Modify the path to the WRF executable in "runit.xe.omp.scale.ideal.tac", if necessary, then use the following command to run the large Hurricane Sandy benchmark (assumes bash as the default shell):

qsub.xe.omp.scale.ideal.tac 320 228 16 2 4 a

This command runs the Hurricane Sandy benchmark for 9000 time steps on 20.1% of the XE nodes, 16 cores per node, and 2 OpenMP threads per MPI rank.

Check Results

Job results are summarized in a file beginning with "NSTRIPE_WRF", and customized with the problem name, problem size and job ID.  The bottom of this file should have a message indicating "WRF Success".

The actual WRF simulation data are written to a directory beginning with "APRIL_23", and customized wth the problem size and job ID.  Each MPI rank also writes a "rsl.out.XXXX" and "rsl.error.XXXX" file into this directory; check the corresponding "0000" files for additional status information.

Timing and Reference FLOP count

Problem Number of Nodes Time Steps Total Flops Walltime (s)
Test Case 2.01% of XE Nodes 900 29,209,000 GFLOPs 3,220
SPP Problem 20.1% of XE Nodes 9000 292,090,000 GFLOPs 10,260

Changelog

September 2017:   A sample output directory for the 4560-node WRF run, "APRIL_23.320x228_N16.7565719", is provided.

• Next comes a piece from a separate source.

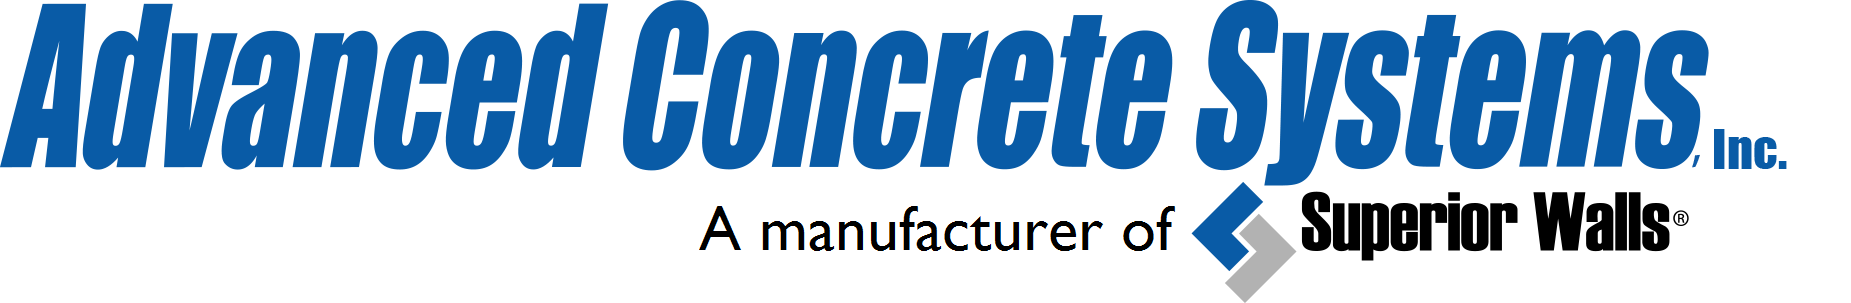 Advanced Concrete Systems
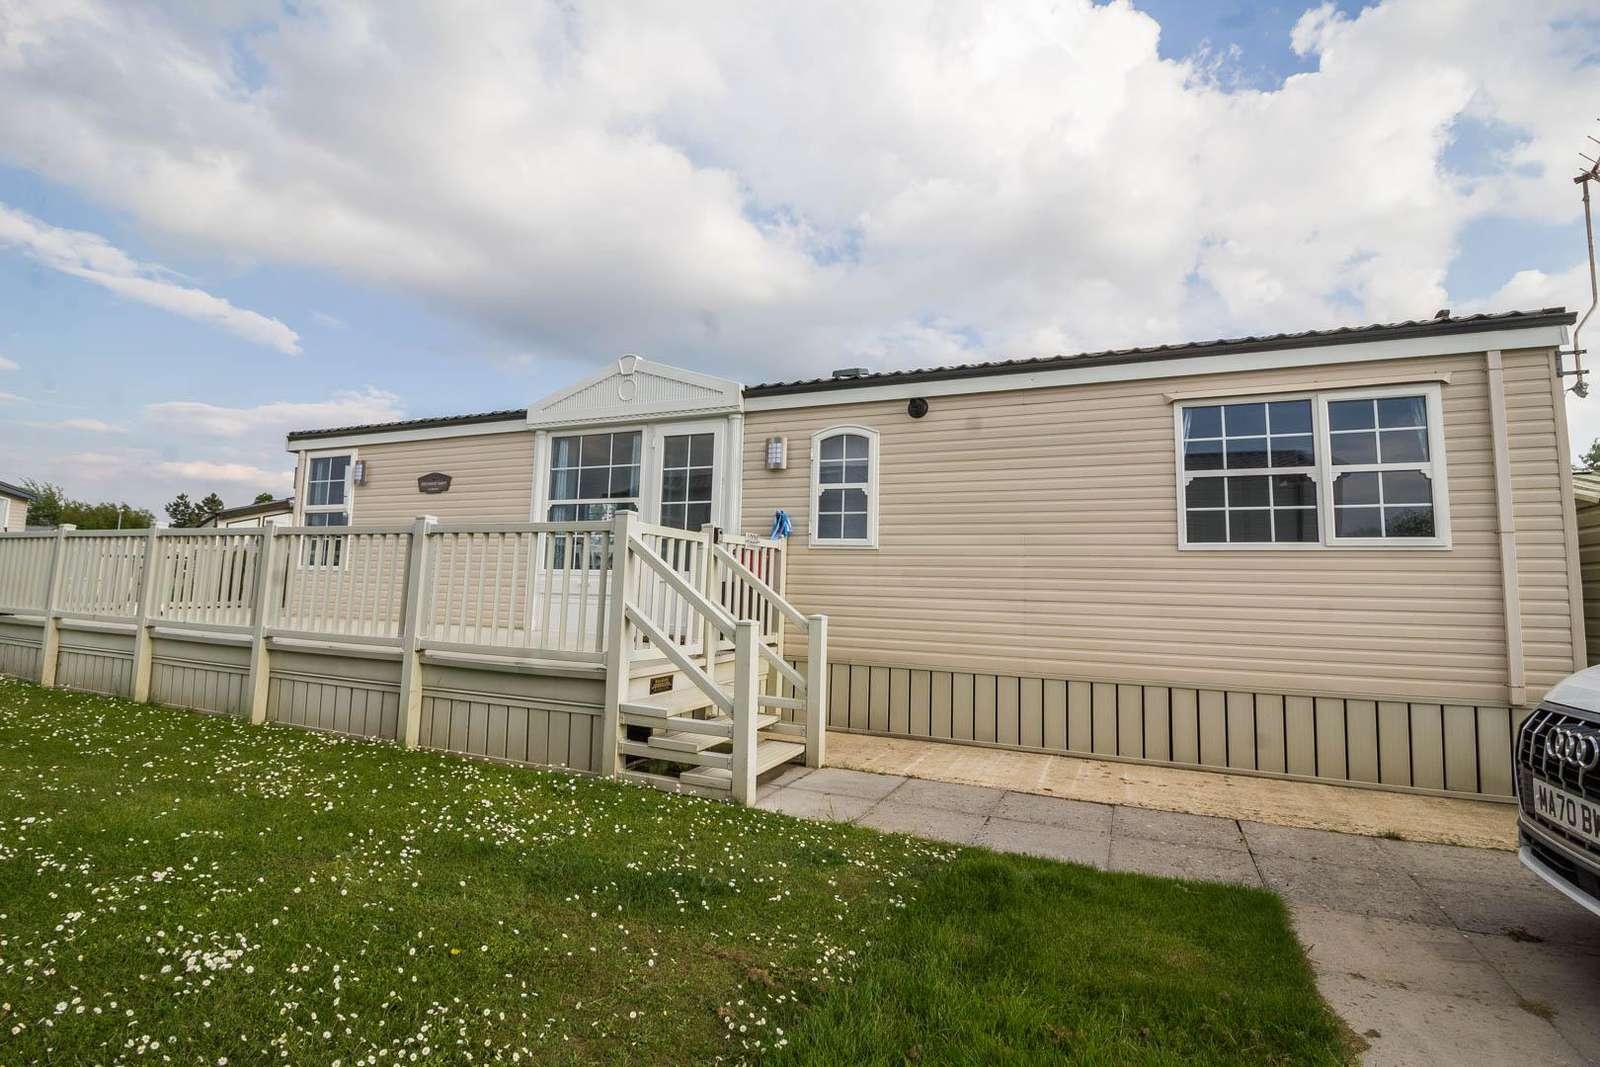 23225K – Kensington area, 2 bed, 6 berth caravan with decking. Diamond-Plus rated. - property

The run used an tuned Lustre striping to reduce the IO time and has a smaller time to solution than the baseline run provided in the table above.

October 2017:  Another sample output directory for the 4560-node WRF run, "APRIL_23.320x228_N16.7607983" is also provided.  This directory corresponds to a non-optimized baseline run, as in the table above.